Temporal and spatial characteristics of reclamation. a The spatial distribution and expansion of reclamation over the period. b The area change of various wetland types of reclamation region over the period. c Comparison of annual reclamation

Reclamation zones are often managed as aquaculture waters for fishing industries or arable lands by human activity, while without cultivation, these previous tidal flats would mostly transfer into Phragmites australis, Suaeda glauca, or Spartina alterniflora, as shown in Fig. 7b. From the spatial distribution in Fig. 7a, the results show that, artificial reclamation has a southward trend, which is coincident with the previous studies in the field (Li et al. 2015). Approximately 25.8% of the reclamation occurred in Dafeng, where the reclaimed area between 1992 and 2008 was 1.8 times higher than the average level over the period (Fig. 7c). The other most widely reclamation regions are located in Sheyang, Dongtai, Rudong Country. The growth of reclamation land tended to increase in areas with higher levels of human activity.

Conclusions

Landscape pattern is the carrier of ecological process,and its change will cause ecological process change correspodingly, thus resulting in changes of the ecological process. To utilize and manage the coastal wetlands reasonably and effectively, it is a paramount precondition to have a deep understanding of the coastal wetlands landscape evolution under integrated interference from human activities and natural environment change.

This paper used remote sensing and GIS to analyze the dynamic landscape evolution and conversion, and evaluated the annual rate of the variation, and conducted a supplementary analysis of the spatial and temporal distributions of coastal reclamation in north of Jiangsu.

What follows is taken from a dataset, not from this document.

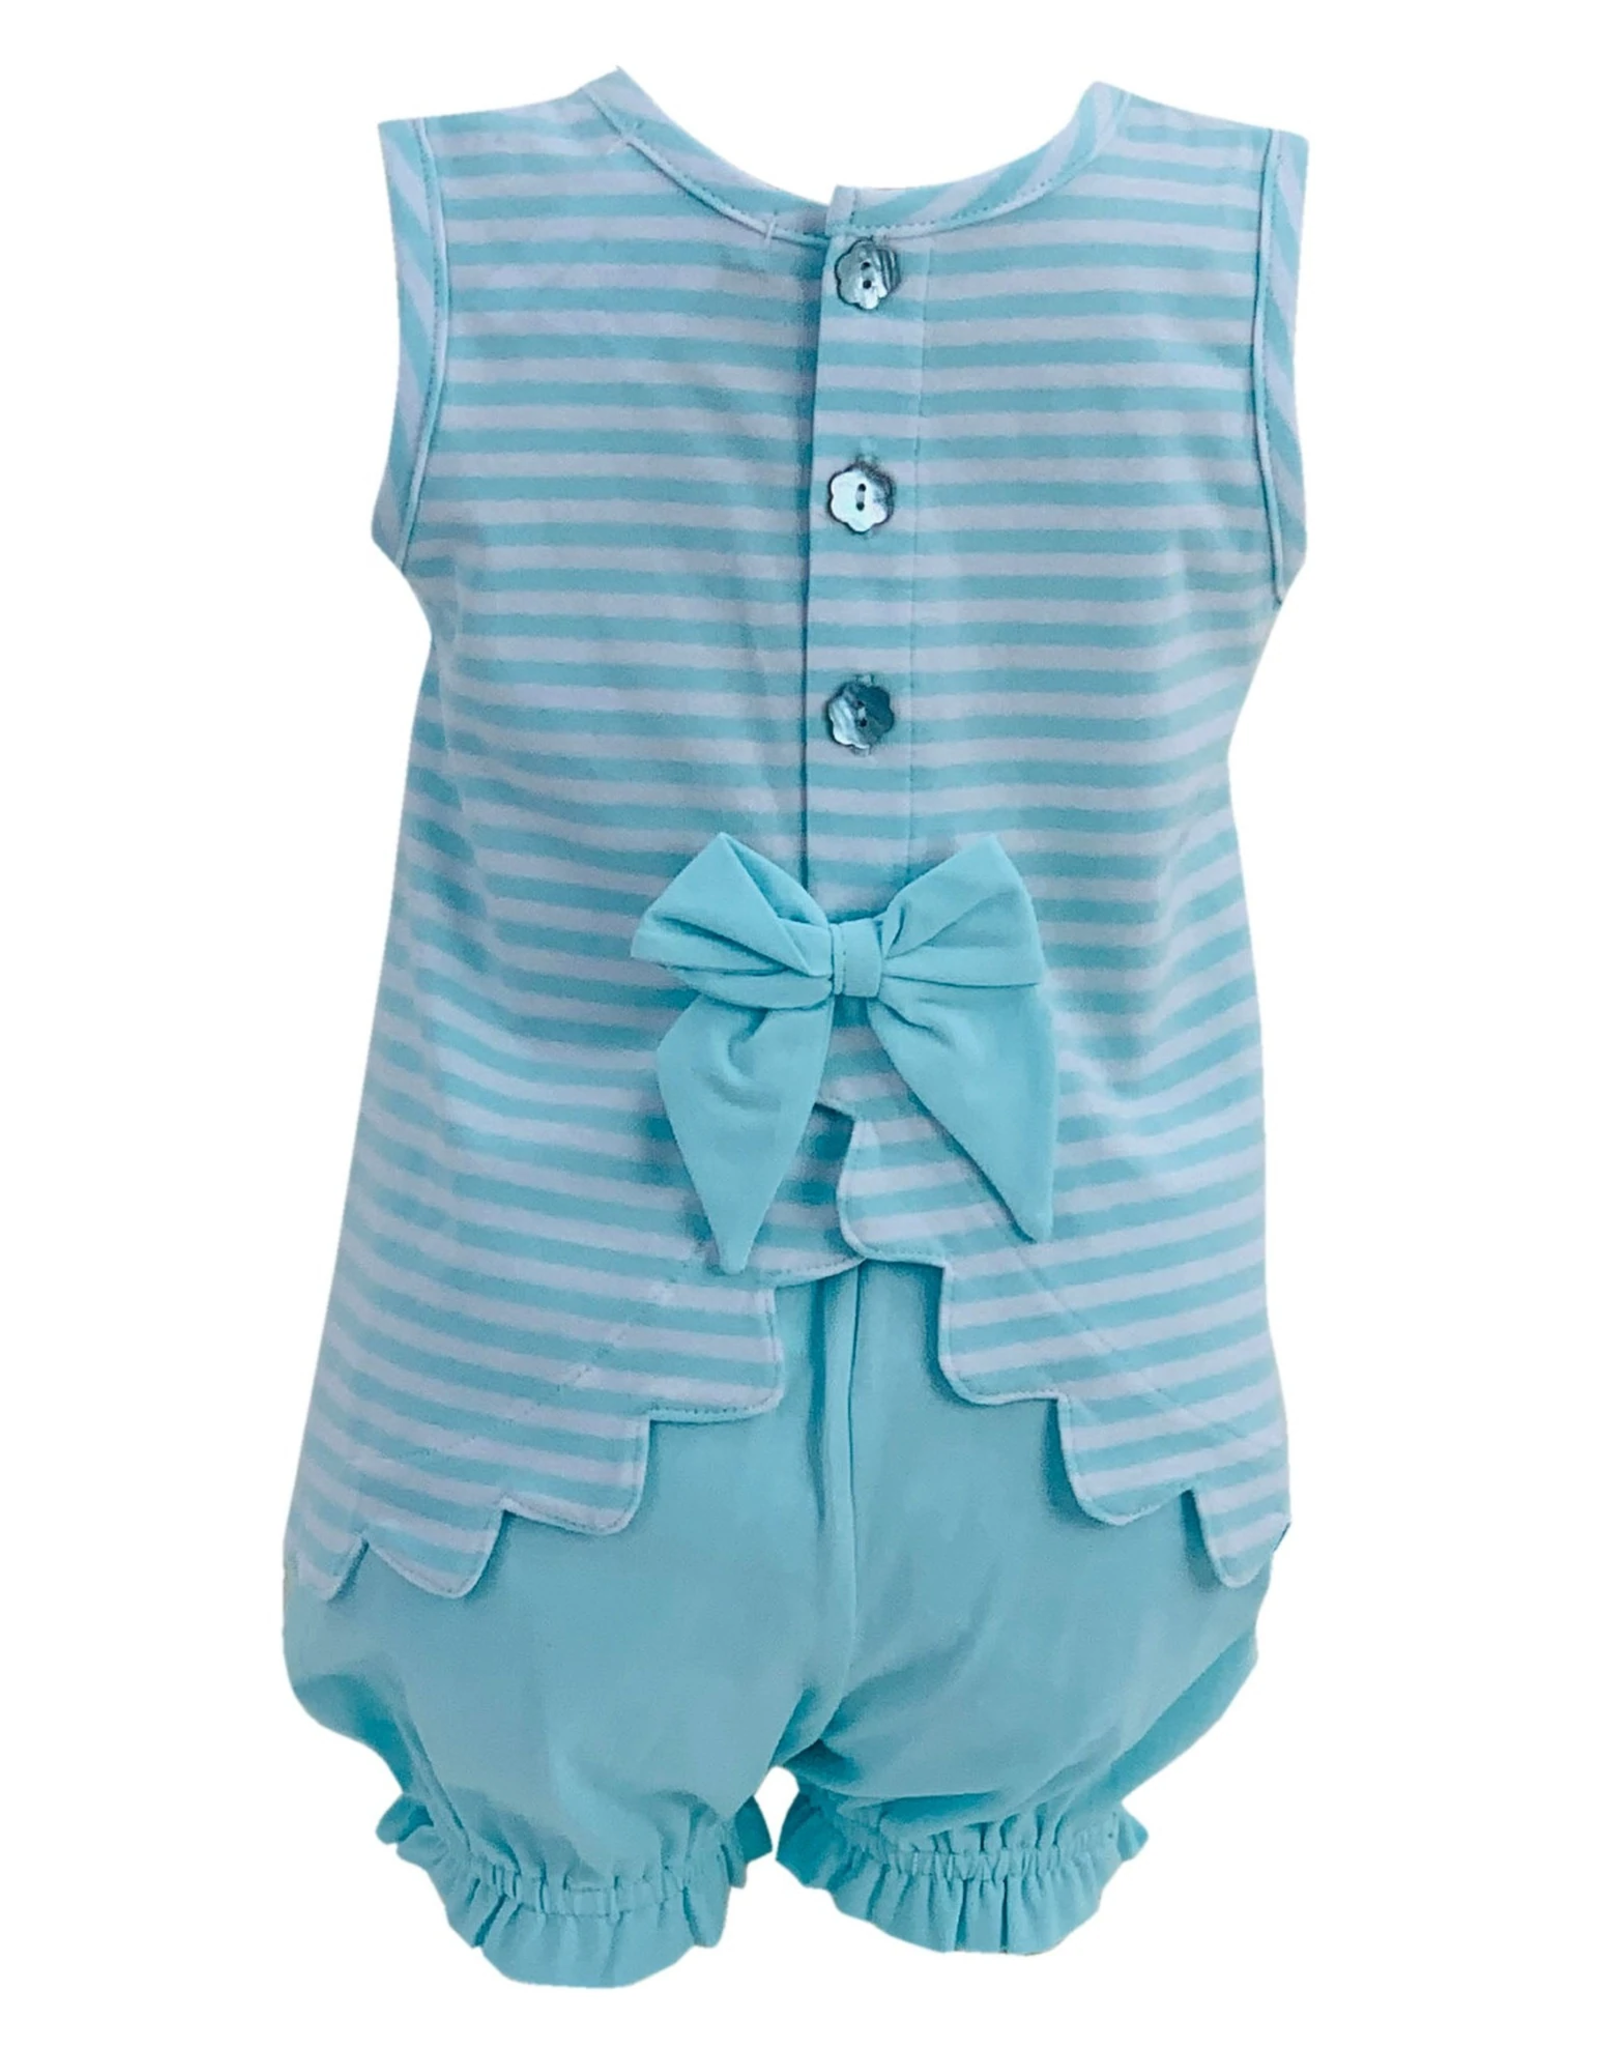 Daisy Mint Striped Applique Bloomers Set

All the work was calculated and analyzed spatiotemporally across class and landscape level for years 1980–2014.

Results showed that the large-scale reclamation is the most significant influential source to the north Jiangsu coastal area, and it can be seen as the main cause of the severe change that has been happening to this region. The main problem that received top priority in the coastal wetlands distributed in north of Jiangsu province is the drastic natural wetland area reduction. Reclamation of tidal flats on a large scale may not only cause the change of the wetland ecological pattern, but result in qualitative change on the material circulation, energy flow and information transfer. Except the reclamation, Spartina alterniflora, as one introduced species for an initial purpose of promoting deposition and protecting beach, has become salt-and flooding-tolerant pioneer communities on mudflats and saltmarshes, and its invasion spread gradually replace the usual plant community in a succession that starts on land periodically inundated by the sea, such as Suaeda glauca and Phragmites australis. The invasion of Spartina alterniflora also leads to the original ecological area shrinking fast, and for some local ecological environment, constitutes an irreversible influence.

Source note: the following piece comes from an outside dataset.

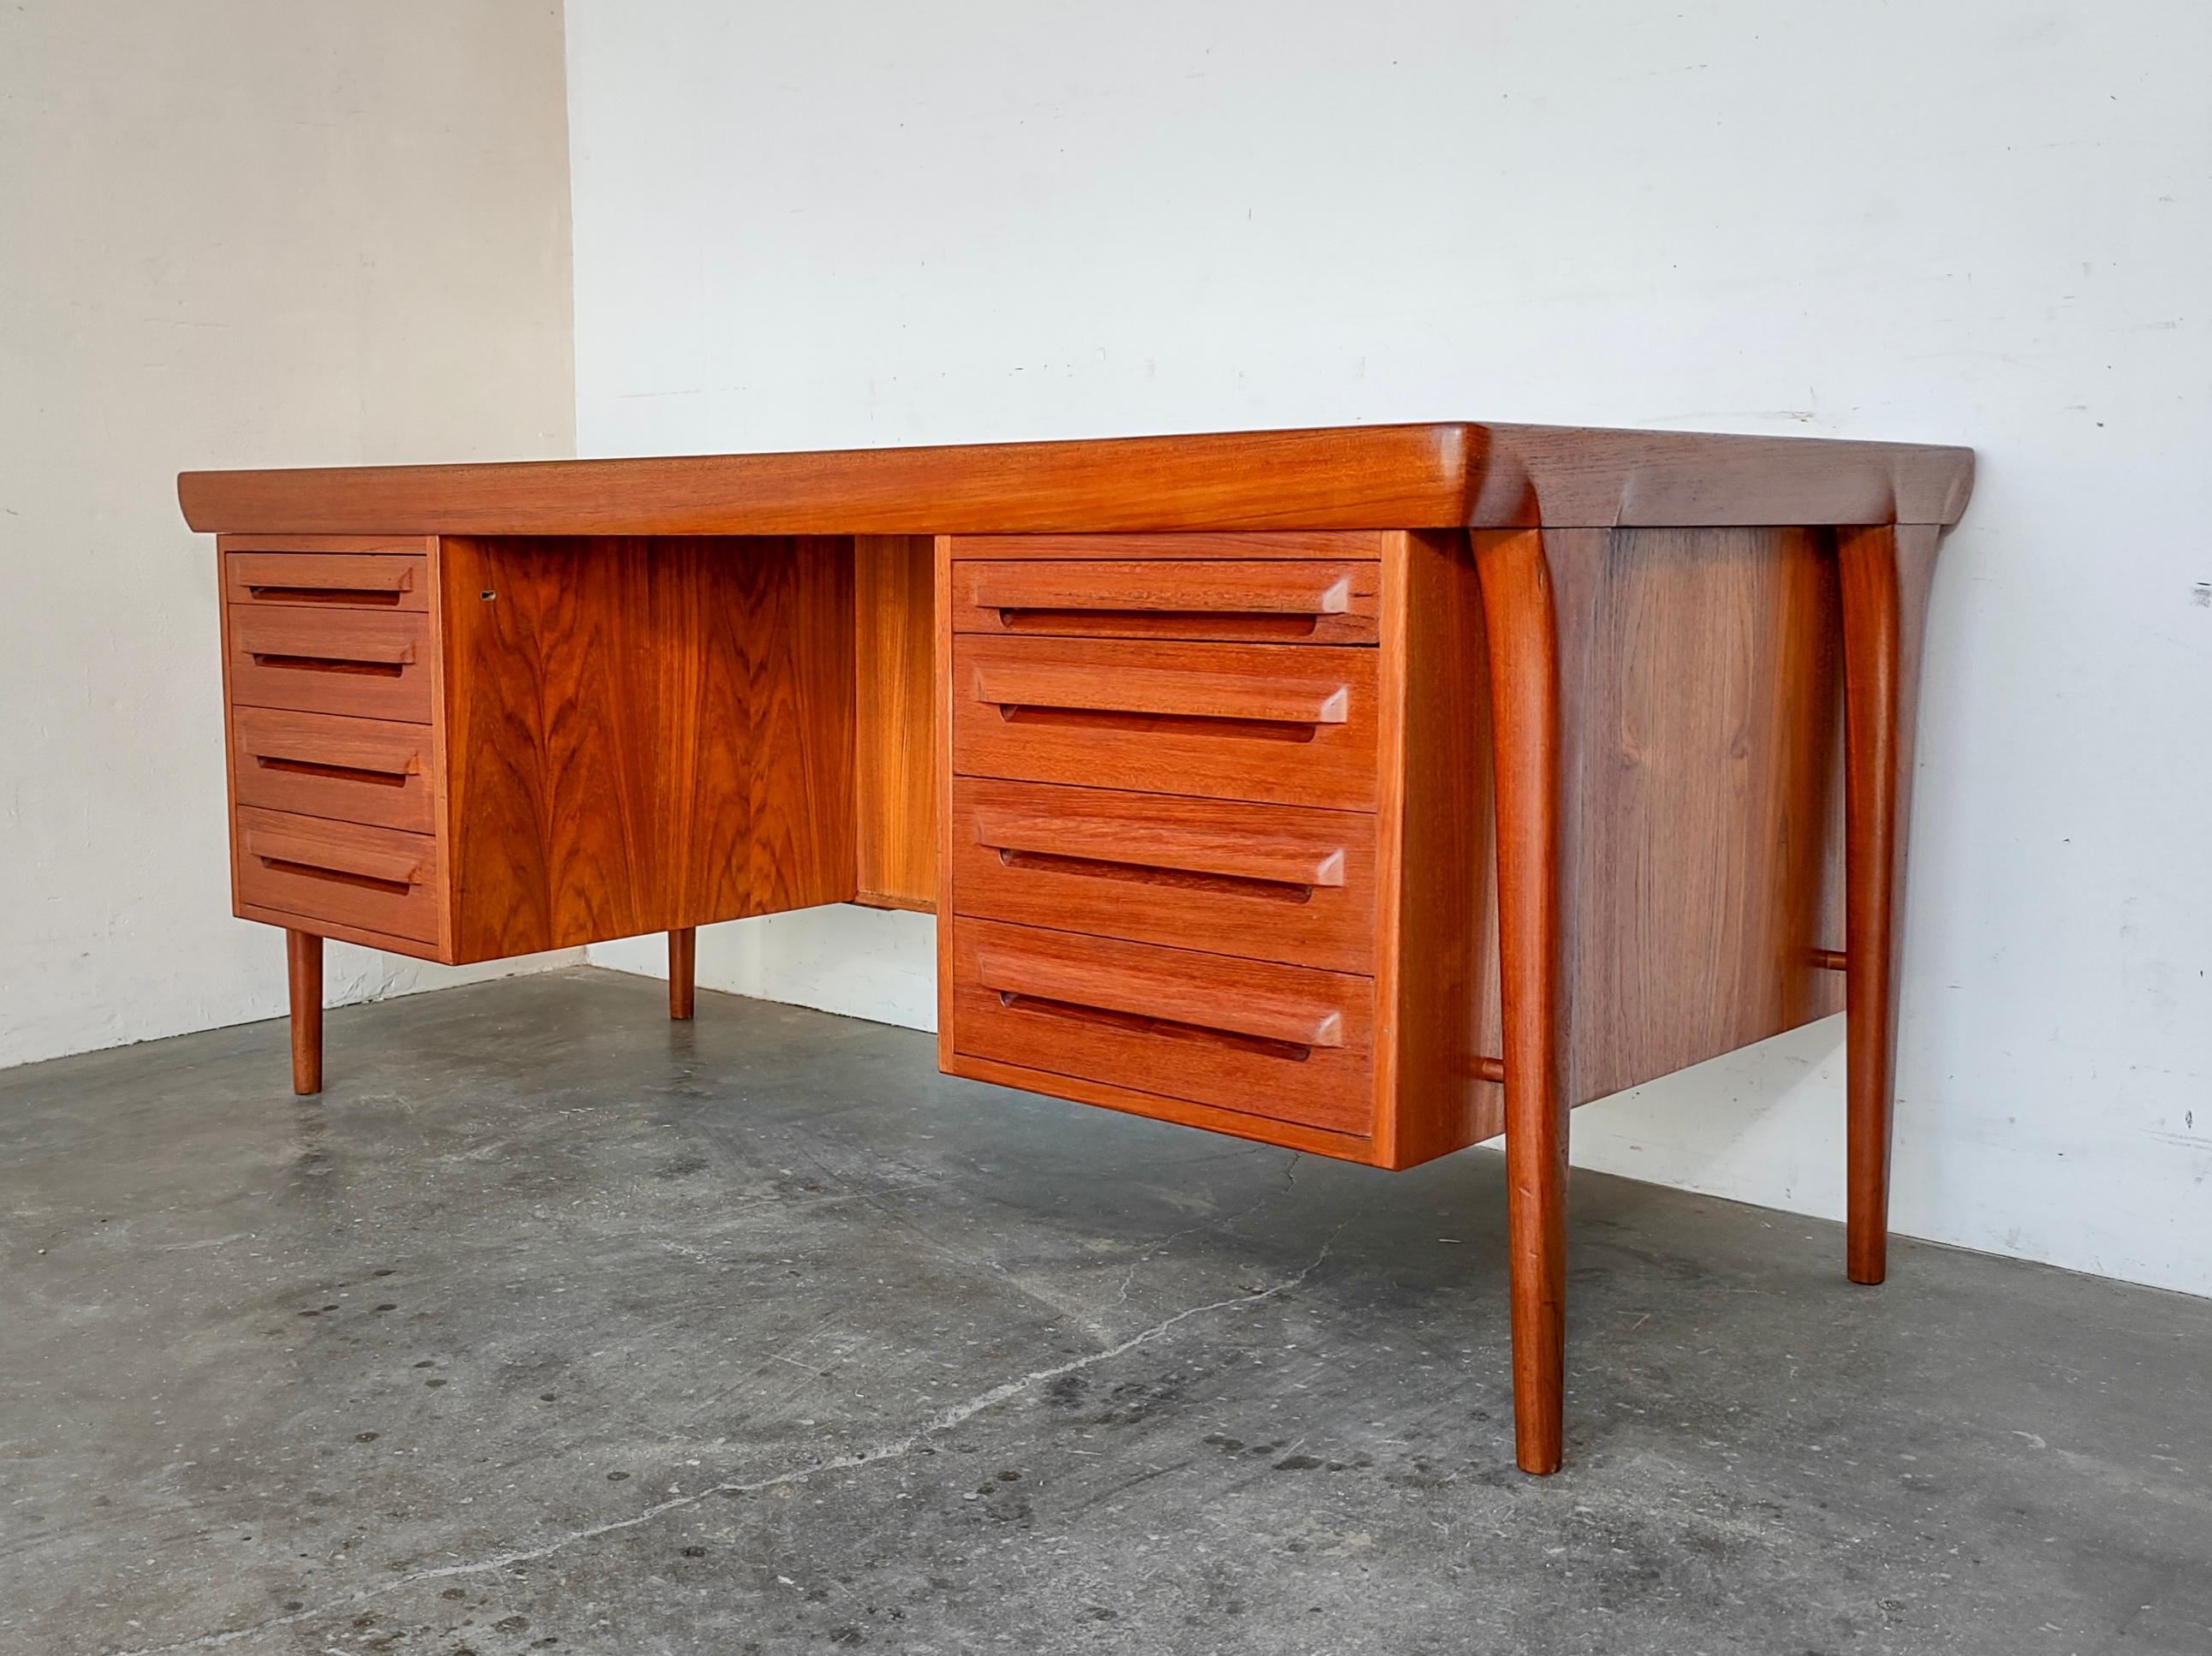 Stunning rare teak executive desk with sculpted legs and drawer faces designed by Ib Kofod Larsen and made in Denmark by Faarup Mobelfabrik. It has six drawers and two pull-out trays disguised as a top drawer on each side. The tray on the left has

Results of this study can provide suggestions and insights to researchers, managers for keeping a sustainable wetland. Further research applying liner indicators of environmental impacts and landscape effects could expand on our research results, and may more deeply clarify the complex nature of the relationship between human activity and landscape-level effects. Furthermore, analyses of water resources, soil condition, and variation in ecosystem conditions could be useful in understanding mechanisms in the relationship between wetland landscape evolutions and external interference factors. Besides, it is necessary to make it clear whether the coastal wetlands landscape condition will remain similar, improve, or deteriorate in the future.